Here’s an example of a download that was halted because your internet connection was lost.
When you regain internet access, the download process will immediately restart. However, how would you complete the download if the command prompt abruptly crashed or your PC rebooted? The —continue option will undoubtedly come in handy. In such cases, you would need the –continue option.
Using the Python wget function below will be your best bet to continue the broken download.
wget –continue https://yourarticletoday.com/snagit/snagit.exe
There is an alternative way for going about this. In this case, the aim may be to try a few times after a download has been interrupted.
In this situation, you would need to call the –tries option. In the example shown below, I have set it to try 12 times to complete the download in case of an interruption. You may want to practicalize this by interrupting your connection a number of times to see how it affects the –tries option.
wget –tries=12 https://www.google.com/images/moving/googleslogo/1x/googleslogo_color_292x92dp.png
How to Create a Python Script for File Download
So far, I have shown how to download files by executing queries, but did you know you can also construct a script to download things for you? Let’s get started developing Python code.
1. Make a folder called “downloader.”
2. Open Visual Studio, then select File. Navigate to Open, then Open Folder from the File menu to access the downloader folder you have just created.
3. In the project directory, select the “new file” button to make a new Python script file named app.py.
4. Select New Terminal from the Terminal menu to start a new command-line terminal.
How to Install and Activate Virtual Environment
Let’s get started establishing a virtual environment now that we have created a project folder and script file.

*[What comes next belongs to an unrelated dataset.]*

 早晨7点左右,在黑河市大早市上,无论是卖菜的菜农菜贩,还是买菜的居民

A virtual environment (VE) is a separate workspace for Python projects in which all of the necessary packages are installed. This (VE) virtual environment will be activated in order for your software to run in the future.

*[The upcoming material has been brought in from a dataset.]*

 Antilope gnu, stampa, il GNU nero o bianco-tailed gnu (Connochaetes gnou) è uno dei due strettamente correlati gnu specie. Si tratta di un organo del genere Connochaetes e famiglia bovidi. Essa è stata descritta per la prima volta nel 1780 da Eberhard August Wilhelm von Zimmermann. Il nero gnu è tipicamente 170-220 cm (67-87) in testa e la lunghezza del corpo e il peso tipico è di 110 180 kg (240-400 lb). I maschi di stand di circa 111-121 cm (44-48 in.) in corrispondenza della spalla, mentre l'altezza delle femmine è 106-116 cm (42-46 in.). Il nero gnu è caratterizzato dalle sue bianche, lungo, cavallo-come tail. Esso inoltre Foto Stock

To install the VE package and establish a virtual environment, run the following instructions in your Visual Studio terminal.
pip install virtualenv
On Windows, run this code to activate your VE: download\Scripts\activate
On Unix/Linux, run this code to activate your VE: source download/bin/activate
How to Install the Python wget Module
Now that you’ve set up your virtual environment, let us install the wget module. This module was created to give an API to Python’s developer community. This wget module makes it easier to use and implement the wget command in Python.
You must save the dependencies in a requirements.txt file when creating a Python project. This file will assist you in installing the same edition of the packages that were previously installed.
To install this Python Wget module and include it in the requirements.txt file, use the commands following.
pip install wget # Install the wget module
pip freeze > requirements.txt # Add wget to requirements.txt
The first installs the wget module, while the second will add wget ino the newly created requirements.txt
Now copy the following code into the app.py file you prepared in VS Code.
The code below serves to modifies the file download output so that you can see the progress of each file download using a custom progress bar.
Finally, use the following command to launch the app.py function.
Each file’s download status is shown in percentages, along with the file’s total and currently downloaded sizes in bytes.
You’ve learned how to use the Python wget command to download files throughout this lesson. You’ve also downloaded files using wget commands, as well as using the wget module in a Python code to download several files.
I am curious to know how you would use Python Wget to download files automatically in your future project? Is it possible to set up a download job that runs on a regular basis?